### Data provided
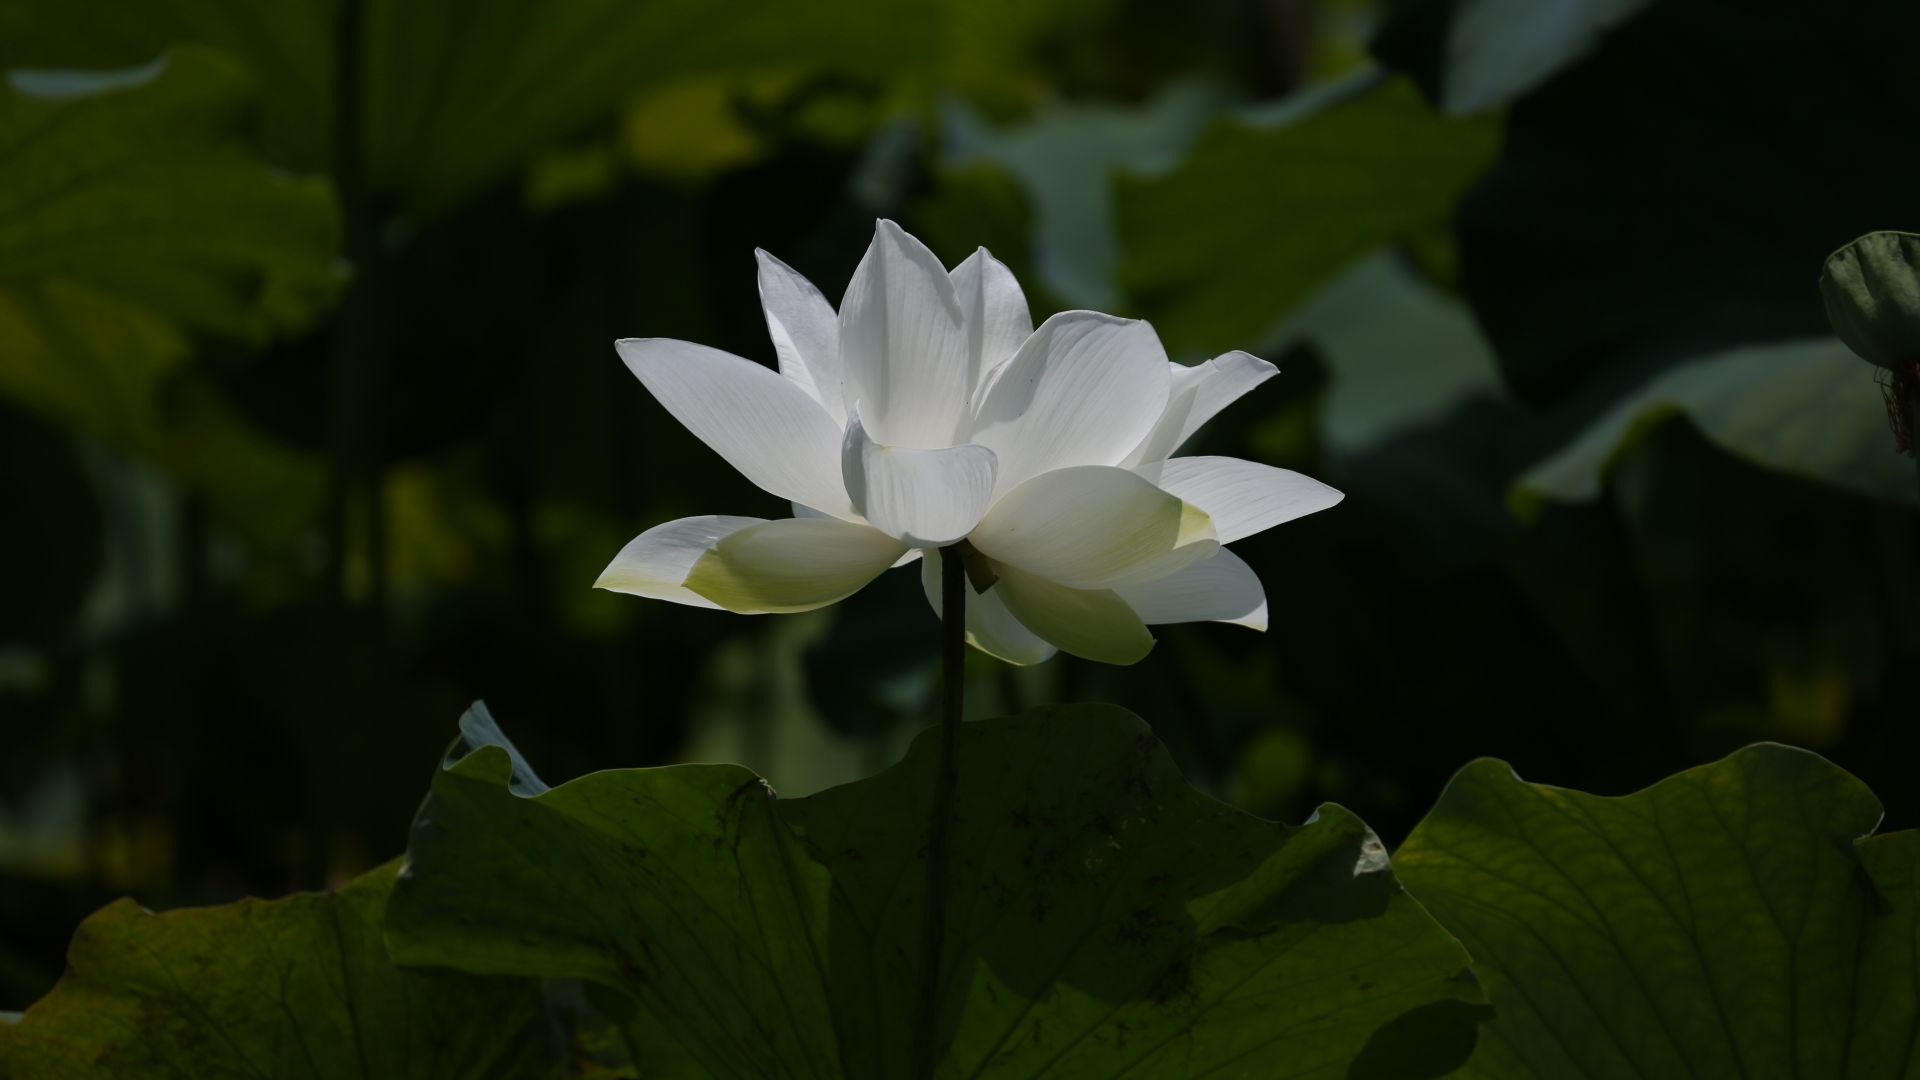 Hoa sen trắng tinh khôi như một tuyệt tác của thiên nhiên. Hãy ngắm nhìn ảnh hoa sen trắng để thưởng thức sự đẹp độc đáo và thanh thoát của một loài hoa đặc biệt này. 
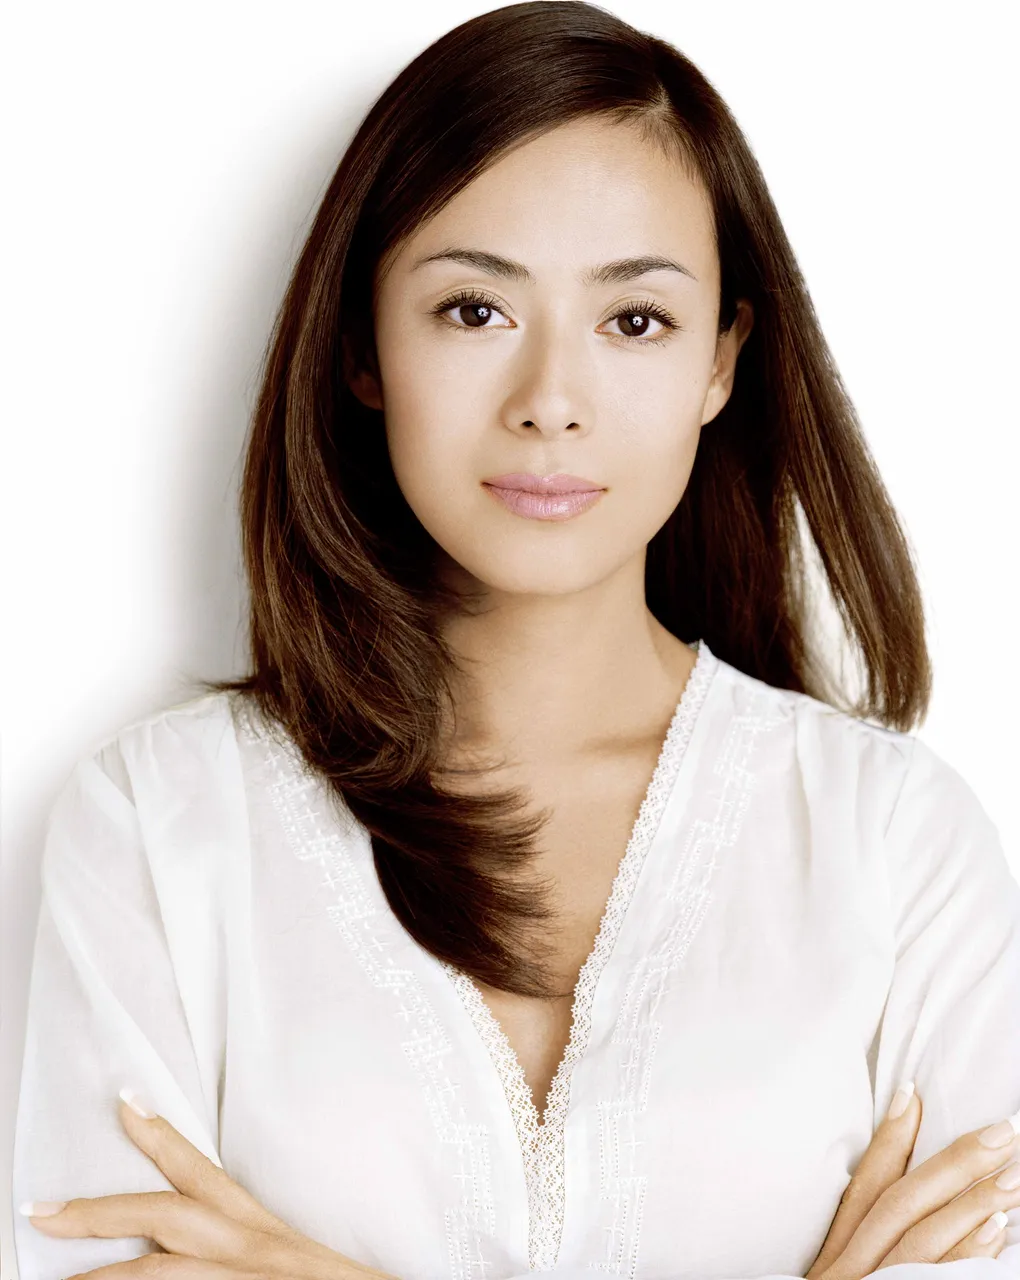 後藤久美子のプロフィール・画像・写真 | WEBザテレビジョン
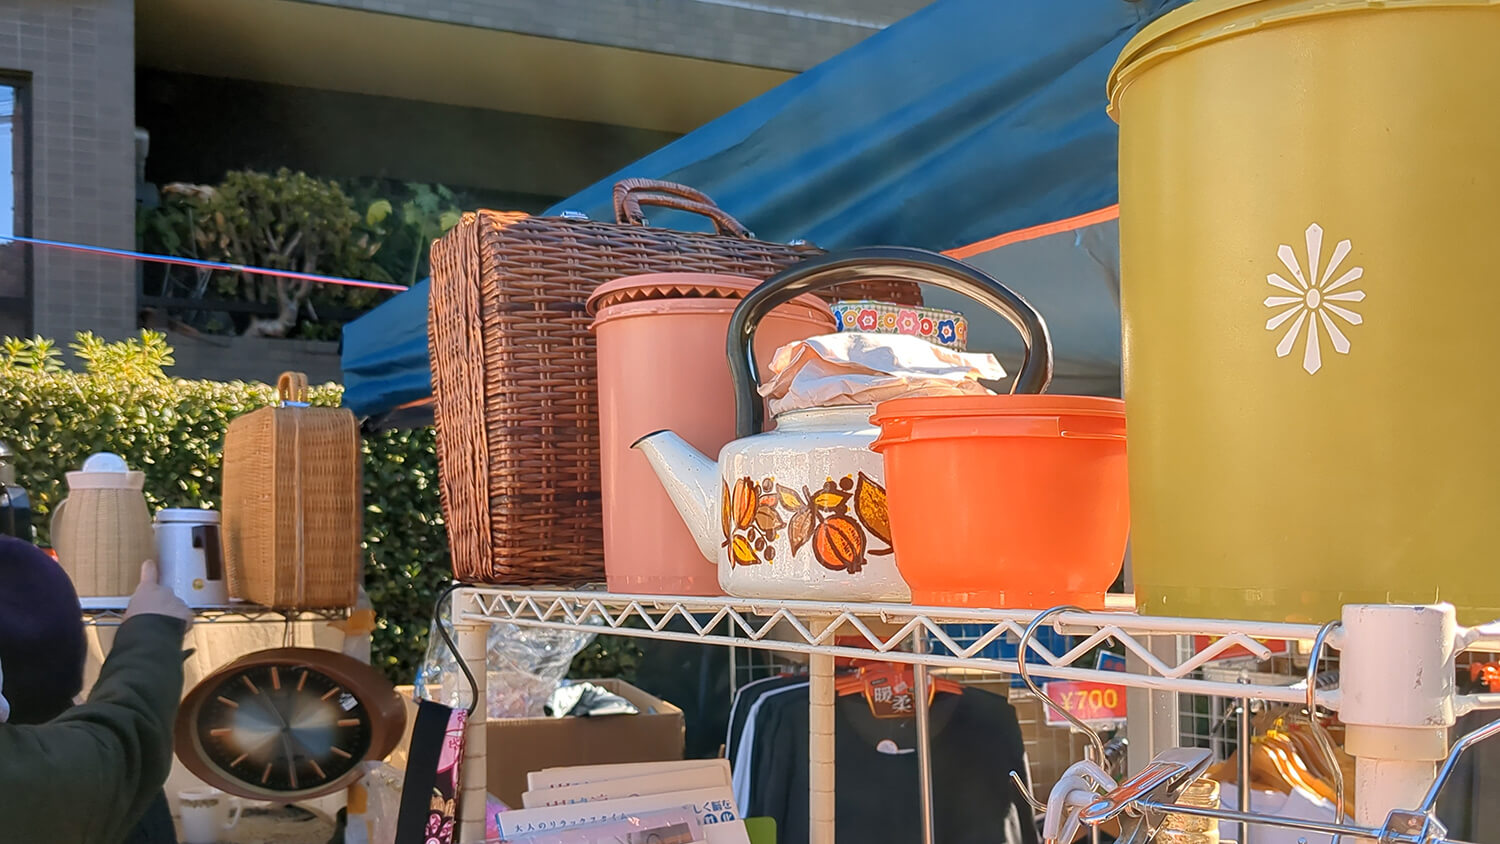 この画像は2022年ボロ市のノスタルジックなお鍋や、やかんを販売している露店を撮影した写真です

### What to work on
Return the listing above word for word, with the pictures removed.

### Response box
 Hoa sen trắng tinh khôi như một tuyệt tác của thiên nhiên. Hãy ngắm nhìn ảnh hoa sen trắng để thưởng thức sự đẹp độc đáo và thanh thoát của một loài hoa đặc biệt này. 
 後藤久美子のプロフィール・画像・写真 | WEBザテレビジョン
 この画像は2022年ボロ市のノスタルジックなお鍋や、やかんを販売している露店を撮影した写真です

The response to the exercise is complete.